Add attack event annotations from your DDoS detection tool. If your tool fires webhooks, you can write those events to a database that Grafana queries as an annotation source. Seeing a red vertical line on your latency graph at the exact moment an attack started is worth a thousand words.

Datadog: The Managed Approach

If your stack runs on Datadog, the integration is even simpler. The Datadog Agent already collects the network metrics you need. The key metric is system.net.packets_in.count, which provides inbound packet counts per interface.

Datadog Monitor for DDoS Detection

Create an anomaly detection monitor that learns your normal PPS baseline and alerts when traffic deviates significantly. This is more robust than a static threshold because it adapts to your traffic patterns:

{
  "name": "DDoS Detection - Anomalous Inbound PPS",
  "type": "query alert",
  "query": "avg(last_5m):anomalies(avg:system.net.packets_in.count{*}.as_rate(), 'agile', 3, direction='above') >= 1",
  "message": "Anomalous inbound packet rate detected on {{host.name}}. Current PPS is significantly above the learned baseline.
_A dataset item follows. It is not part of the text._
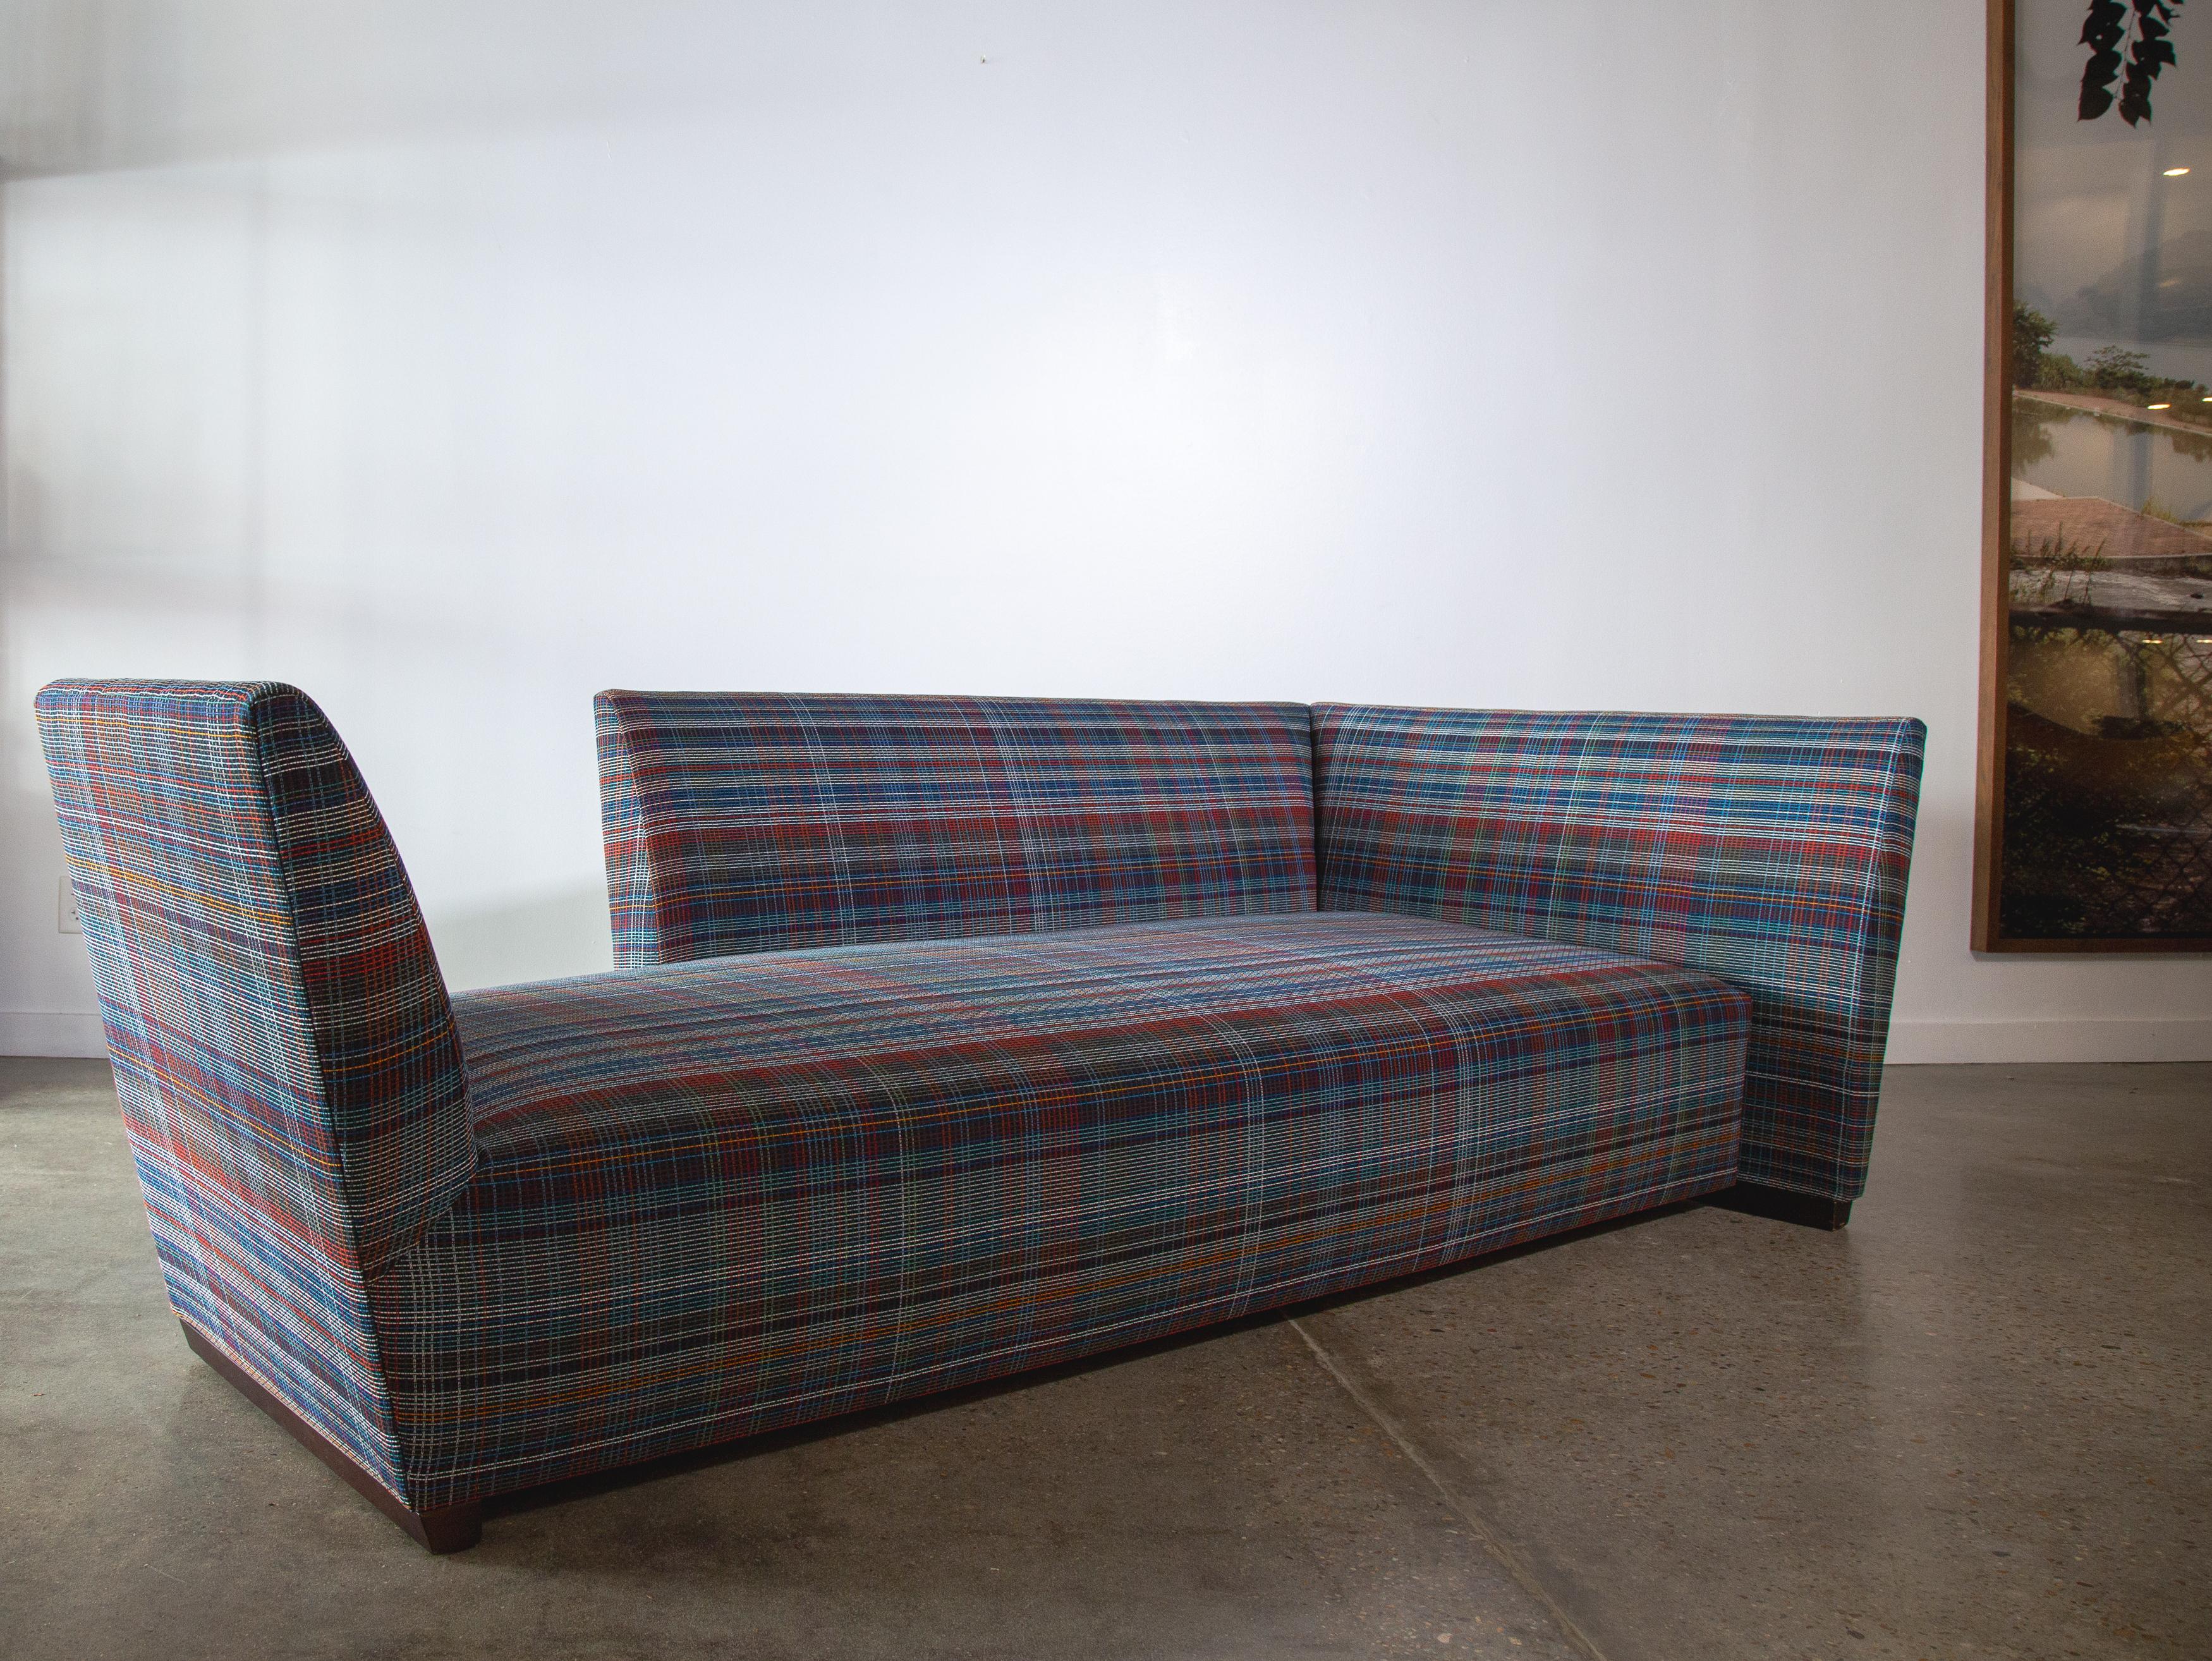 Contemporary Joe D'Urso Island Sofa for Donghia Knoll Plaidtastic Fabric tete-a-tete chaise For Sale

Investigate for possible DDoS attack.\n\n@pagerduty-network-team @slack-noc-alerts",
  "options": {
    "thresholds": { "critical": 1.0 },
    "notify_no_data": false,
    "renotify_interval": 300
  }
}

For custom DDoS classification metrics (attack type, source count, protocol breakdown), use DogStatsD to push them from your detection tool:

# Push custom DDoS metrics via DogStatsD
echo "ddos.attack.pps:1500000|g|#attack_type:syn_flood,node:server-1" \
  | nc -u -w1 127.0.0.1 8125

echo "ddos.attack.sources:4200|g|#attack_type:syn_flood,node:server-1" \
  | nc -u -w1 127.0.0.1 8125

Build a Datadog dashboard with widgets for aggregate PPS across all hosts, per-host PPS breakdown, top attack sources, and active incident count. Overlay attack events on your APM service maps to see exactly which services were affected by each attack.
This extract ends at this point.